The U.S. has some of the safest drinking water in the world. But it’s not perfect. Almost $10 billion in federal funding has been earmarked in the last two years to protect the nation’s waters, including almost doubling the size of the Environmental Protection Agency’s 2010 Drinking Water State Revolving Fund, targeted to smaller public water systems. "Most health-based violations occur in these smaller systems," says Steve Heare, director of the agency’s Drinking Water Protection Division. Either they don’t have enough trained operators or they lack the rate base to keep their facilities up to speed, he explains.
Large public water systems aren’t immune, but they tend to have more resources to fix problems. Violations occur when water contains too much of one or more of the 91 contaminants, or groups of contaminants, regulated under the Safe Drinking Water Act. Water systems don’t test for many other substances, including pharmaceuticals and some petrochemicals, because they’re not covered by the act.

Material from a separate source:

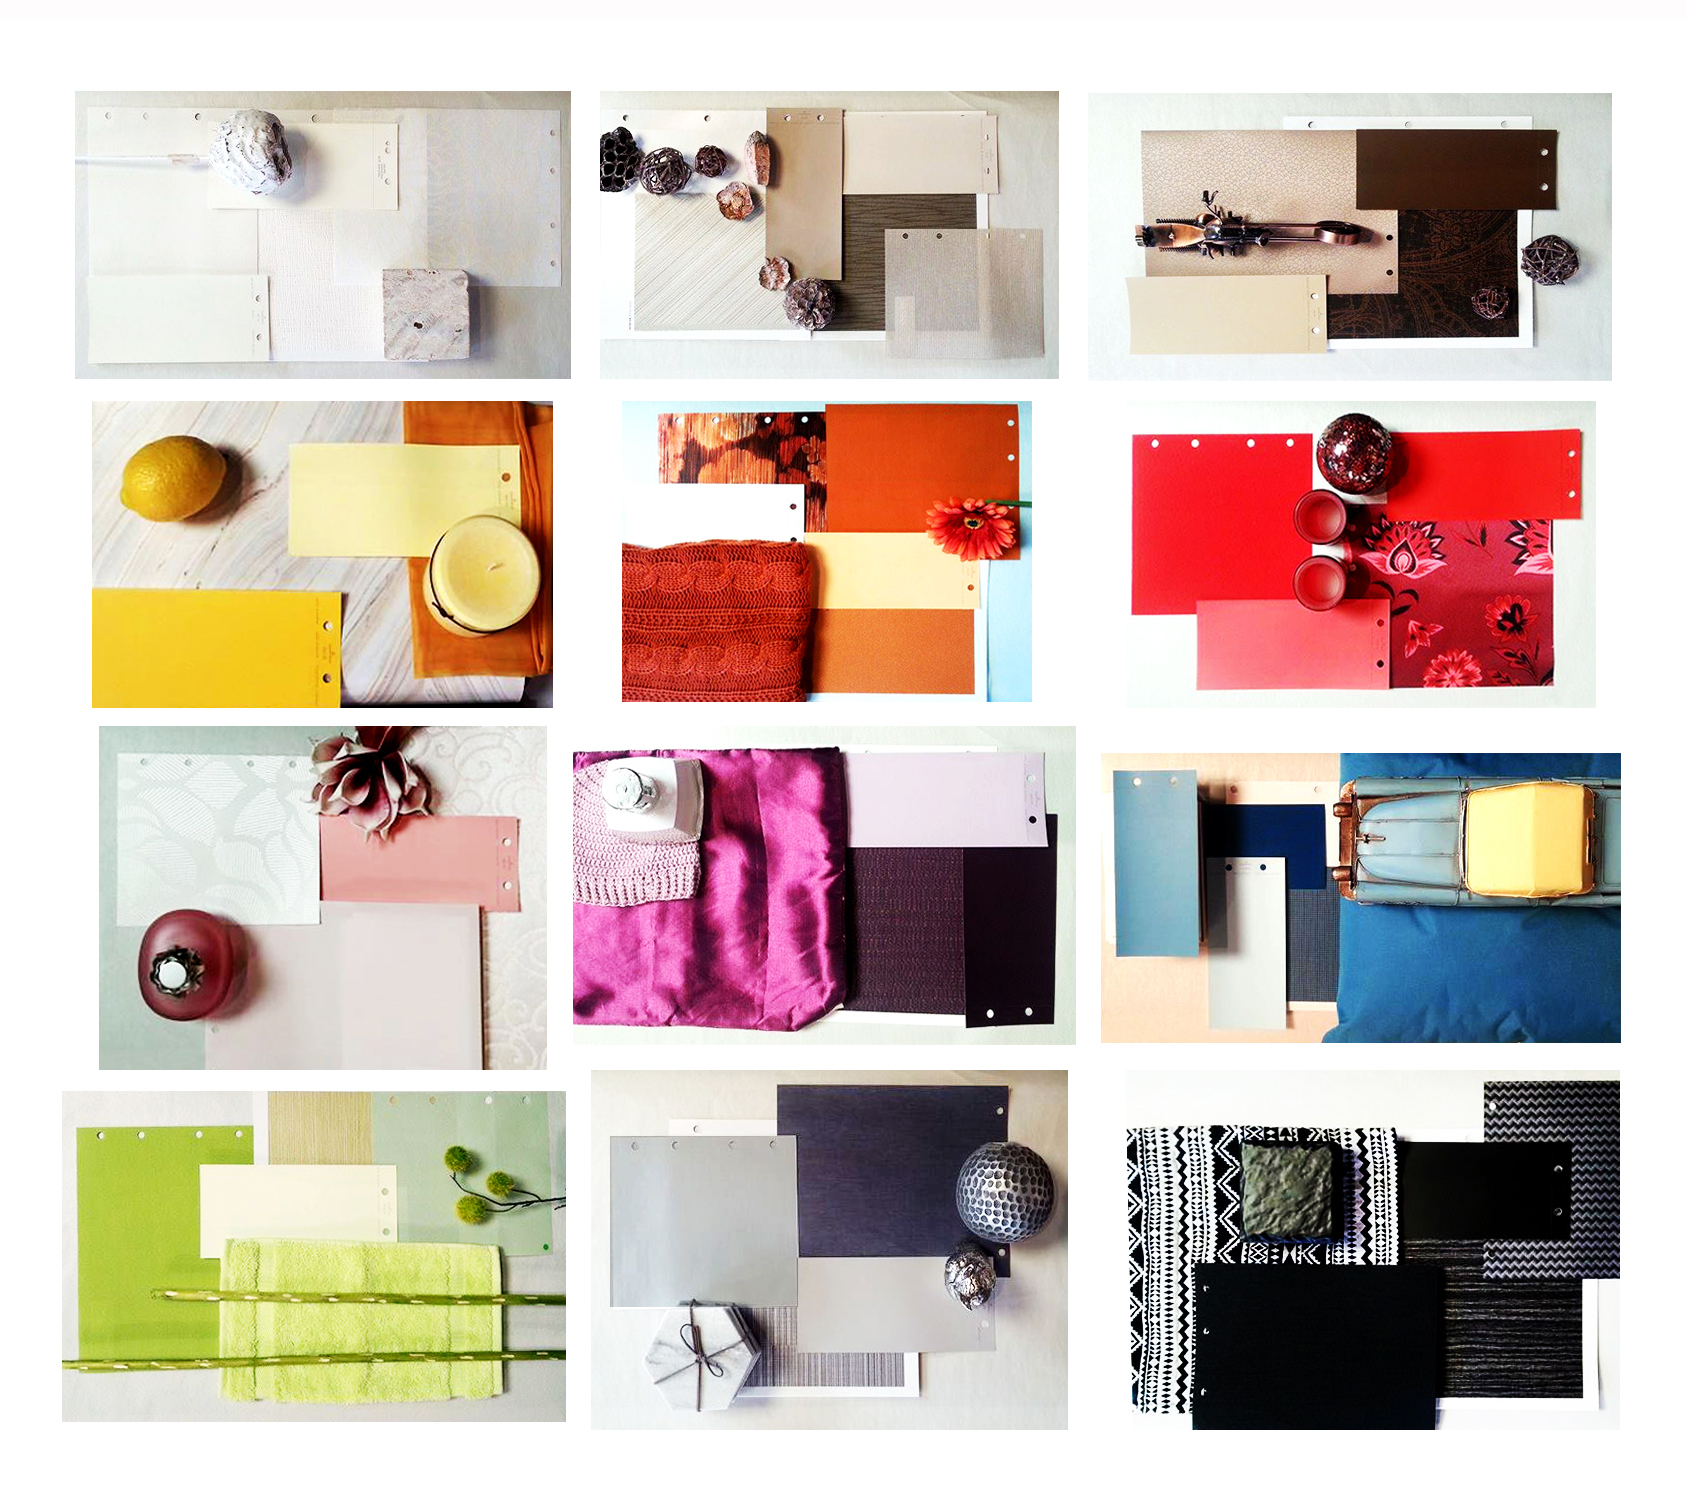 Couleur piece meilleures images d 39 inspiration pour votre design de maison - Couleur piece maison ...
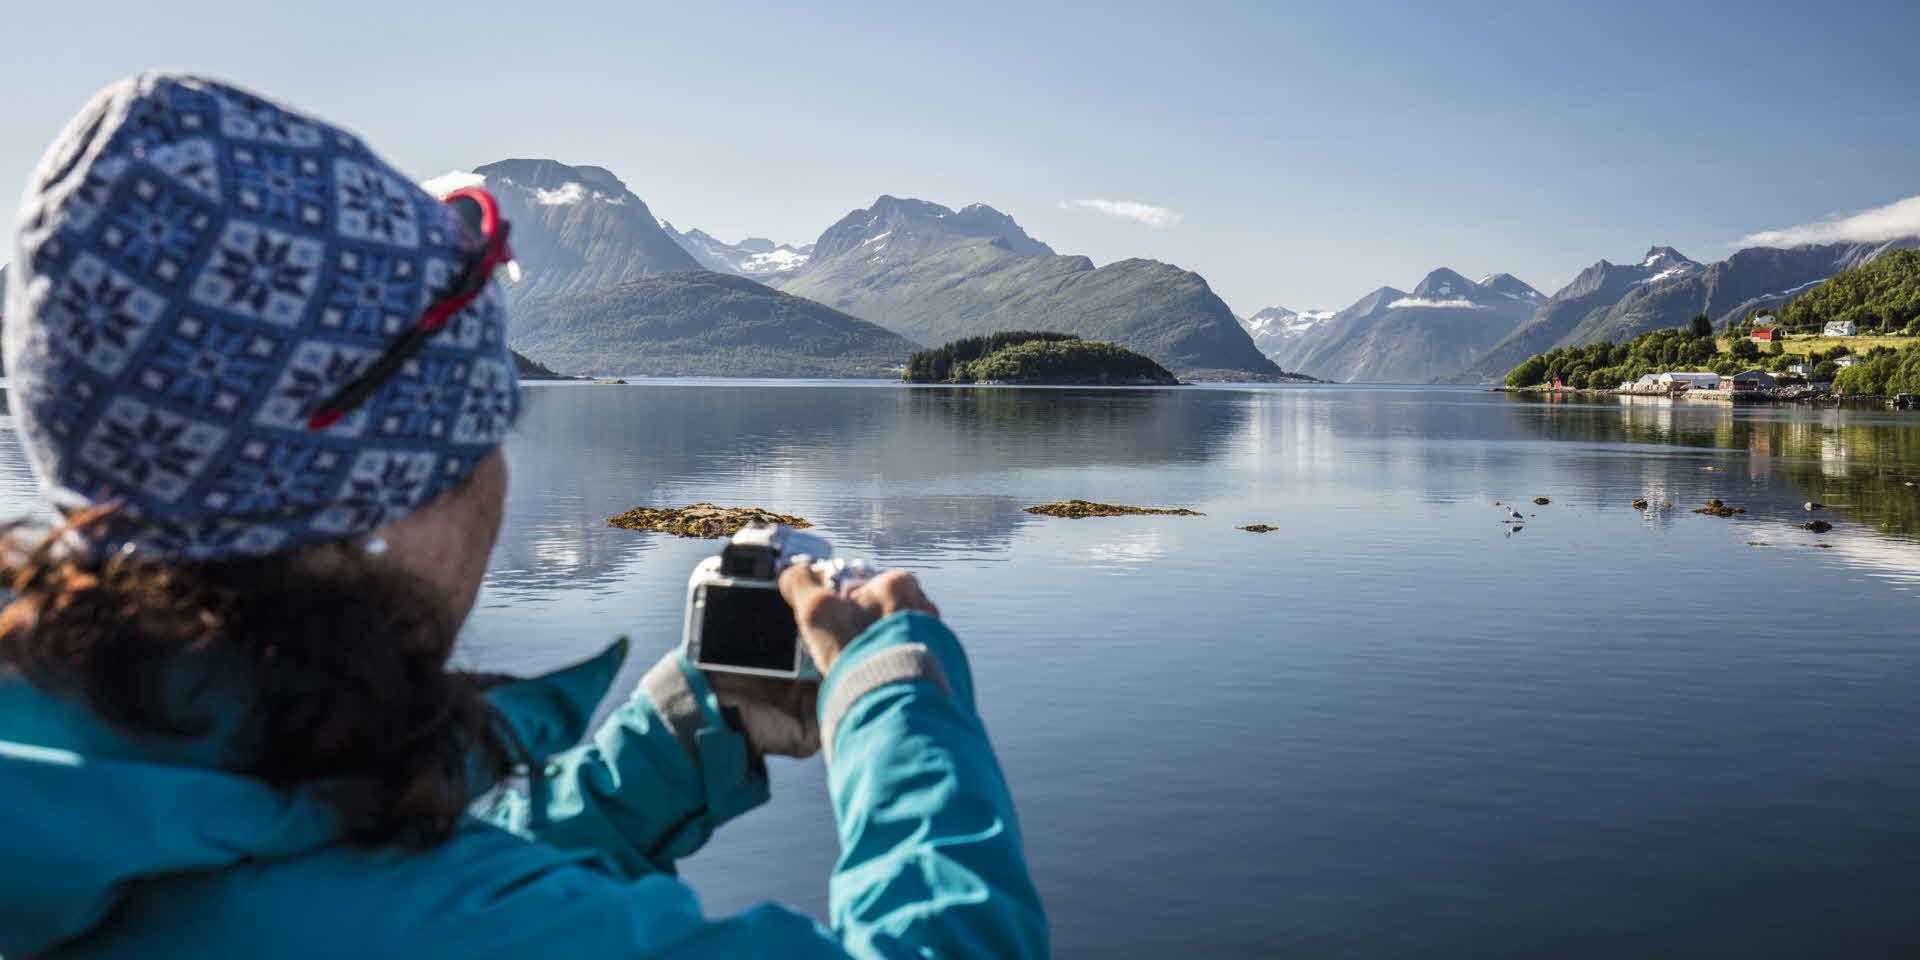 フィヨルドクルーズ船上で写真を撮る女性 ヨルンフィヨルド(hjørundfjord) 美しいフィヨルド

Some states have used the authority given to them by the act to enact tougher laws. California and New York, for example, both regulate MTBE, a fuel additive and potential human carcinogen. The EPA has added MTBE to its contaminant-candidate list, but its risk assessment of MTBE has been unusually difficult. Still, critics point out that no new contaminants have been added to the Safe Drinking Water Act since a 1996 provision called for a continuous five- to six-year review. The EPA stands behind the process. "There are a host of concerns out there," says Eric Burneson, chief of targeting and analysis for the Office of Ground Water and Drinking Water. "Some of them we have a handle on and some we’re still pulling the science together to understand what constitutes a real public health threat."
The EPA can impose hefty fines on water systems that are significantly out of compliance. But given the financial strain some systems face, the agency appears more willing to dangle a carrot than brandish a stick. "As a practical matter, many systems are already struggling to meet the regulations," Heare says. "There’s a cost to treatment and monitoring."
Even if the water coming out of the treatment plant is clean, contaminants could get into water after it leaves the facility. That’s because millions of miles of distribution pipe are nearing their end of life. And household plumbing remains a main cause of lead contamination in homes built before 1986.
The bottom line? A point-of-use filter makes sense if you’re worried about contaminants. And even if you’re not, a filter can improve taste, odor, and clarity.